I was picking up the family from the airport so I only had a chance to try two things: the lomo saltado, and the alfajor. But they were both good.

The lomo saltado dish was delicious. Seemingly simple dish, but its often not cooked well. Sebastiani’s version is easily one of the better lomo saltado around. As you can see in the picture below, chef fired the sirloin at a high temperature and that helped keep the meat tender and juicy.

The caramel alfajor was very, very good. Just the right amount of sweetness and creaminess. Better than e.g. the in my opinion overly sweet ones from Wooden Table. He said it took two days to make these so it didn’t crumble.
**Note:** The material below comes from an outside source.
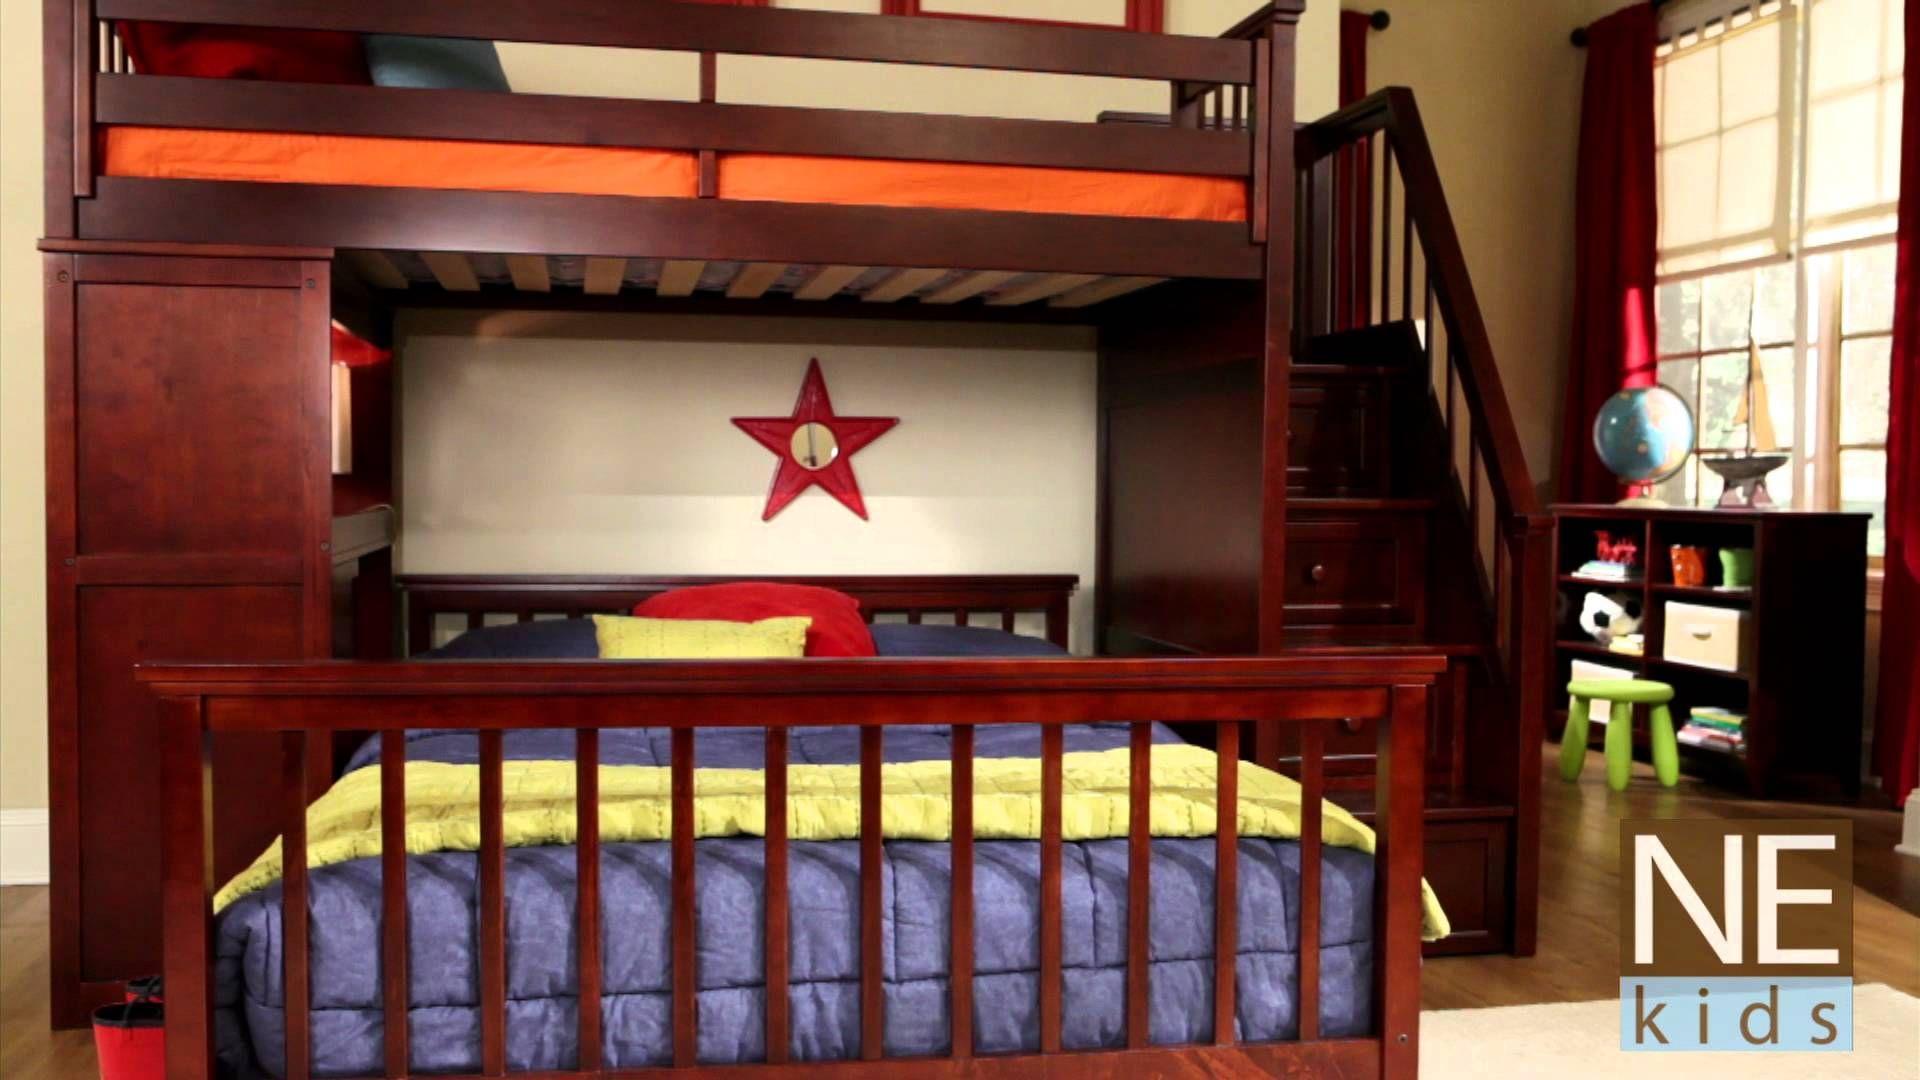 Ne kids stair loft kidus room pinterest lofts staircases and room

I chatted with the chef a bit. He said he worked at Milan before, and went to Le Cordon Bleu in Paris before he moved to the Bay Area. The dining room had some what looked like patrons from Peru who seemed to know the chef well. A good sign. The server was from Lima. The menu had some interesting Peruvian items on their Spanish only page- sudado lenguado, lenguado chorrillana, etc.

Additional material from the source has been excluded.